Why not simply follow the lead of the guys who write 365 RT tickets per year? The recipe seems to me quite easy to follow:
As an author you start out by writing down as many dependencies as you know about and set the version you require to 0 (unless you know better). Then you wait for cpantesters reports and RT tickets. If some dependency turns out to be too lax, you correct and make a new release. Rinse, repeat.
As a user you see a software problem, maybe a failing test. So when you see a failing test, you visit first RT and then cpantesters. Note, this has to be your course of action in any case be it a dependency problem or something else. At that point you actually need help from the author or the community.
Once it turns out that the problem is a dependency problem, you write an RT ticket of the sort "undeclared dependency..." or of the sort "minimum required version of...". Usually you get help from the author or the community or you can solve the problem yourself. The important point is to share. But you knew that already.
Shameless plug ahead. This simple circuit of mutual help via RT and cpantesters is well established and it works. One way you (as an author) can improve it above its current working is by declaring even second and third level dependencies. Don't be shy declaring the dependencies of the dependencies. It will probably turn out that one of your tests is good at detecting a brokenness in the dependencies between your dependencies.
How does it help declaring more dependencies? Cpantesters working with CPAN::Reporter will always report all versions of all declared dependencies in a well defined format, be it PASS or FAIL (CPANPLUS will have this same feature some day as well). And http://analysis.cpantesters.org picks up all these data and applies statistical analyses to them. You can watch it in action. From time to time it discovers version dependencies (right column on homepage contains entries of the form "mod:Module::Name"). Some human should always verify them before submitting to RT. That would probably be me, I still have to write 135 tickets this year to reach the goal:)

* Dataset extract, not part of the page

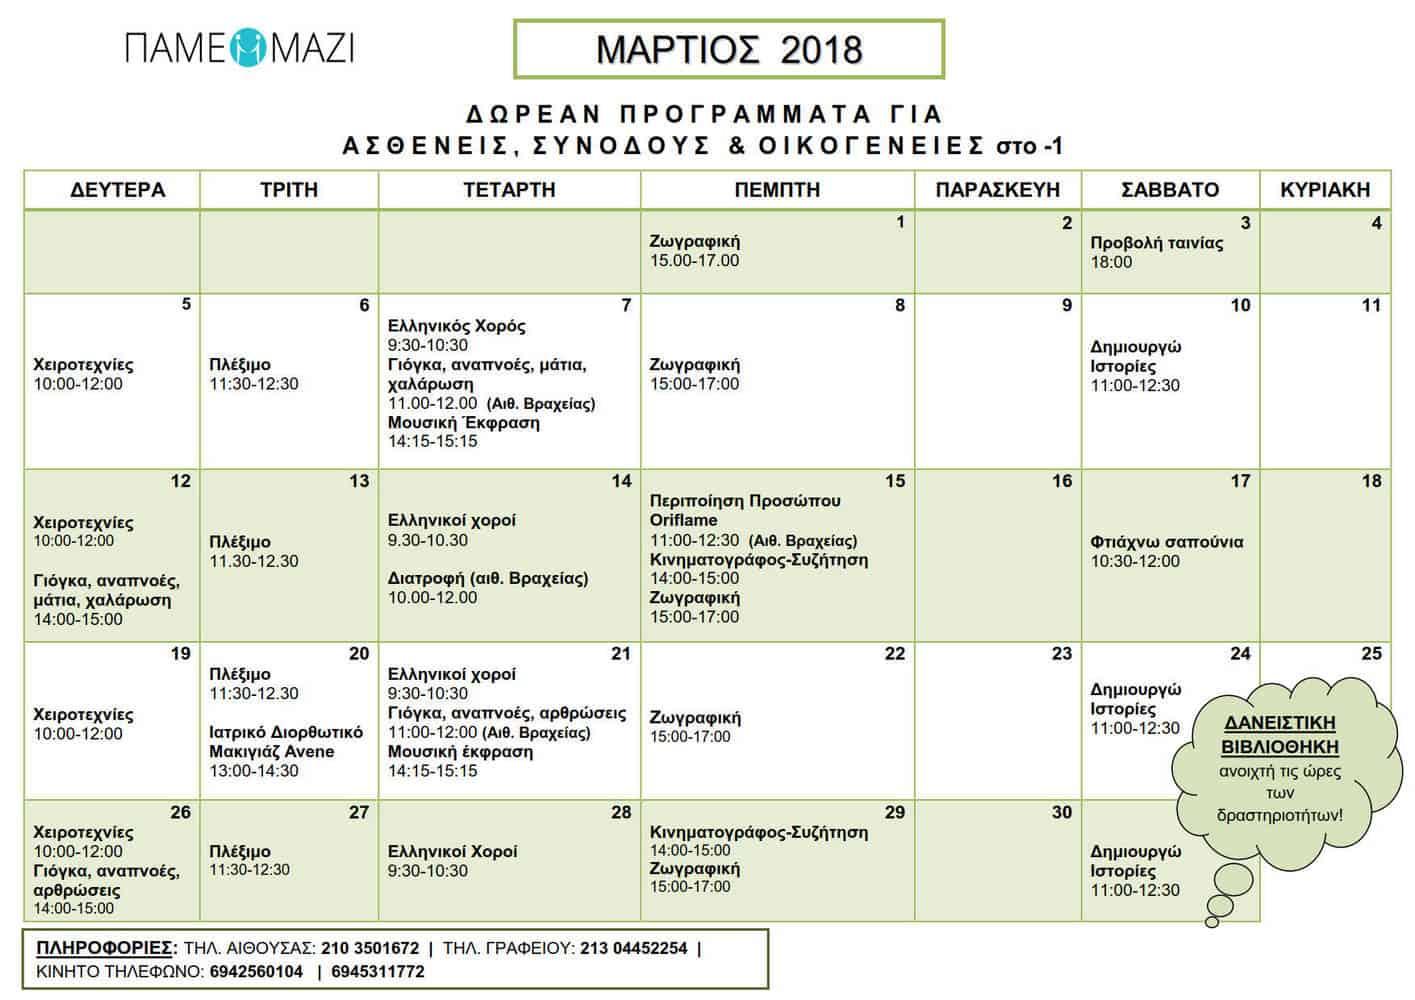 Πρόγραμμα Μάρτιος 2018

With regard to "Report what versions of things the author was using when they made this release" aspect of this problem, I did write a dist::zilla plugin ( MetaData::BuiltWith ) for this purpose:
http://search.cpan.org/dist/Dist-Zilla-Plugin-MetaData-BuiltWith/
The most verbose incantation ( MetaData::BuiltWith::All ) is probably a bit excessive, but you get a somewhat reliable report of what versions of everything can be used to attain a working install of the authors module.
The idea was that, in the event the author failed to report a correct "minimal version", a quick perusal of this metadata would be able to find things that could/should be updated to make it work.
You could present this info as a possible remedy in case some of the tests fail.
But if the author didn't include a single test that can demonstrate that there is a problem: bad author, no cookie!